Тут другой начал поворачиваться, медленно, неуверенно, будто слепой, потом оказался лицом к маленькой двери и замер, словно не увидел, а определил ее местонахождение менее сильным и точным чувством вроде обоняния; старый генерал смотрел на него, пока он не повернулся полностью, потом сказал:
— Ты забыл свою бумагу.
— Так и есть, — сказал другой. — Забыл.
Он неуверенно повернулся снова, торопливо помигивая; рука его с минуту шарила по крышке стола, потом он нашел сложенную бумагу, сунул ее опять за борт мундира и стоял, продолжая торопливо мигать.

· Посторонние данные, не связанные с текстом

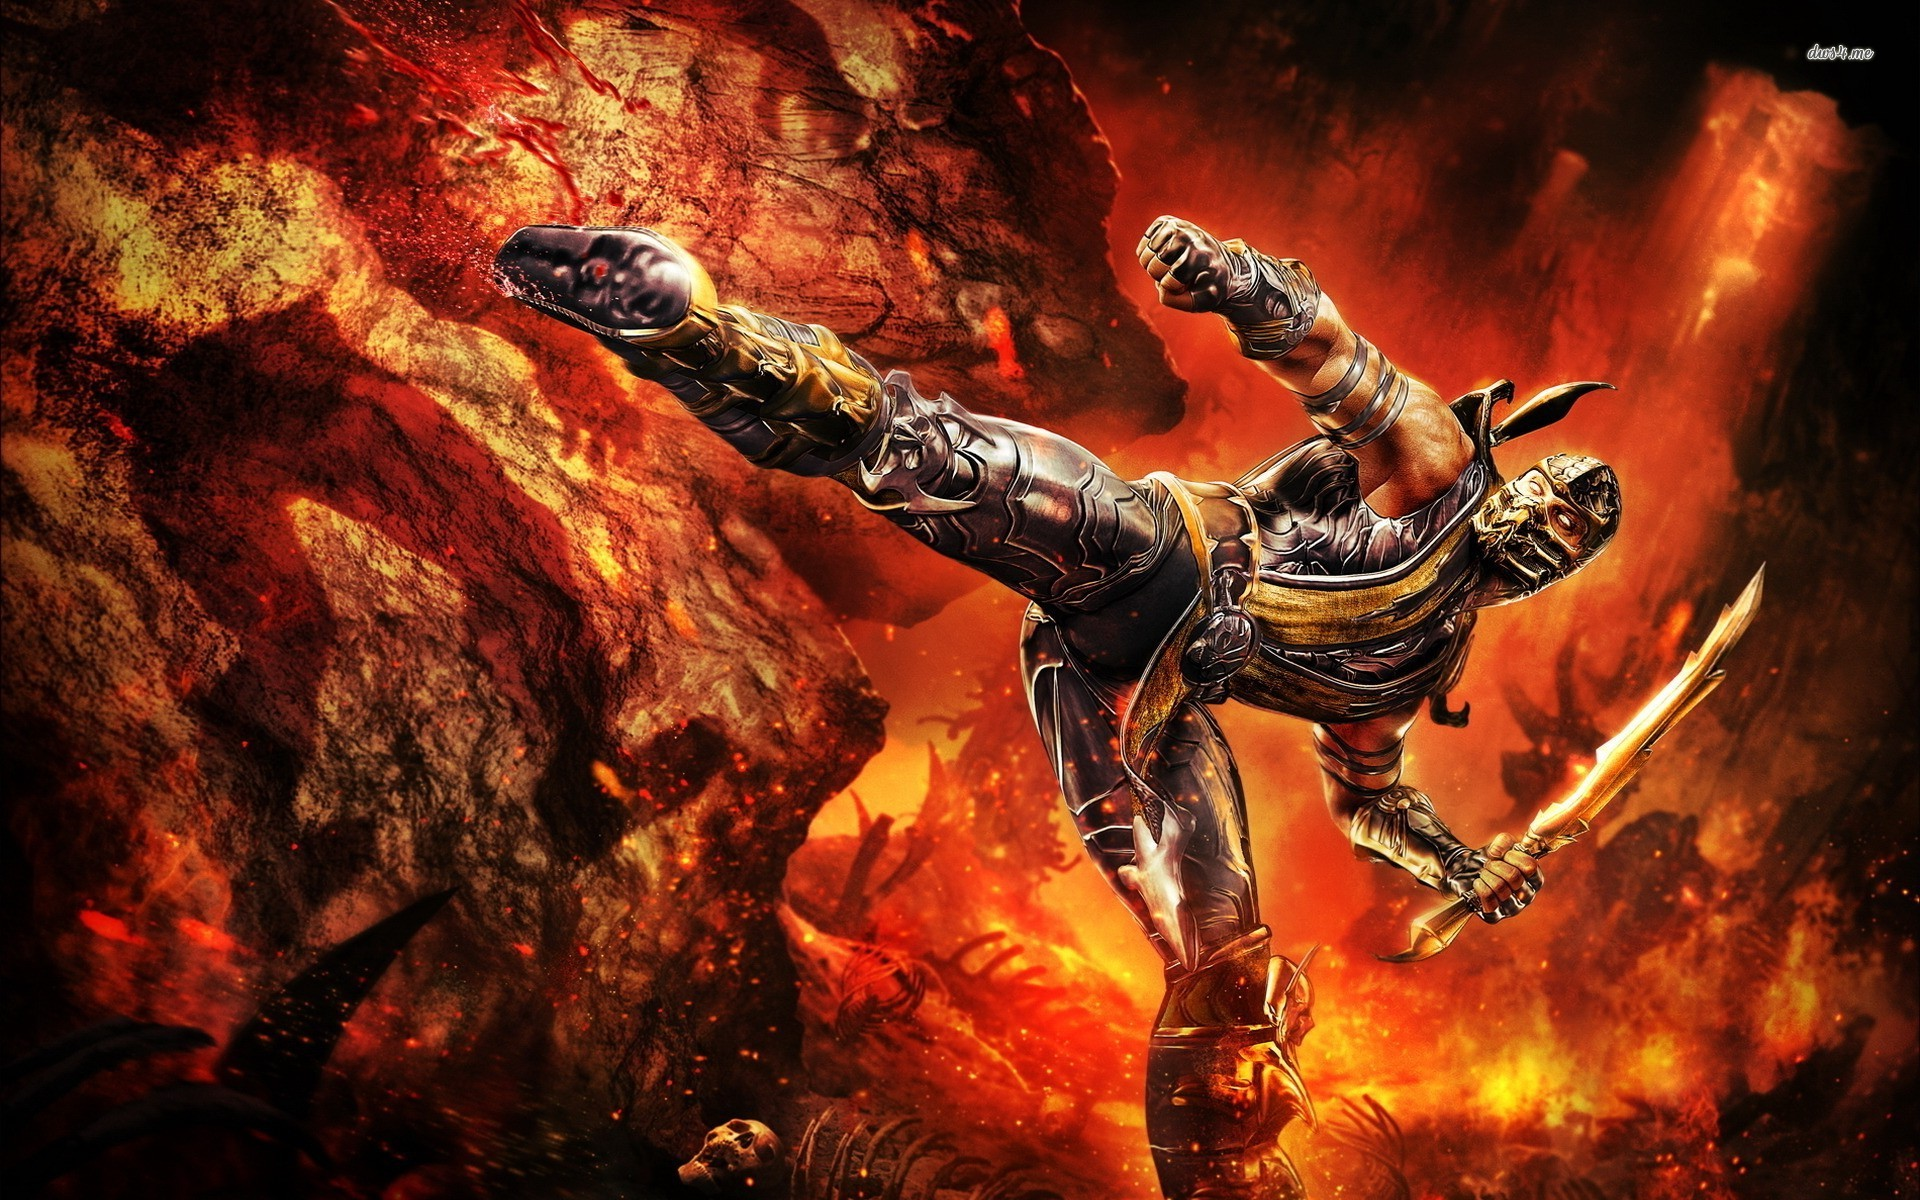 ... Scorpion - Mortal Kombat wallpaper 1920x1200 ...

— Да, — сказал он. — Забыл.
Потом повернулся опять, по-прежнему как-то неуклюже, но шел он теперь почти быстро, во всяком случае, прямо, прошел по белому ковру к двери; дверь немедленно распахнулась, вошел адъютант и замер, придерживая дверь; генерал-квартирмейстер шагнул к ней как-то неловко, неуверенно, очень высокий, худой, отчужденный, потом остановился, обернулся и сказал:
— До свиданья.
— До свиданья, — ответил старый генерал.
Другой шагнул еще раз, он был уже почти на пороге и стал наклоняться, словно от долгой привычки выходить через слишком низкие двери, потом остановился почти в проеме, голова его была чуть опущена, даже когда он обернулся не совсем к тому месту, где разряженный, как детская игрушка, старый генерал неподвижно сидел за нетронутой миской супа и еще не раскрошенным хлебом.
— И еще кое-что, — сказал генерал-квартирмейстер. — Сказать. Кое-что еще…
— С Богом, — сказал старый генерал.
— Конечно, — сказал генерал-квартирмейстер. — Именно. Я говорил тебе именно это.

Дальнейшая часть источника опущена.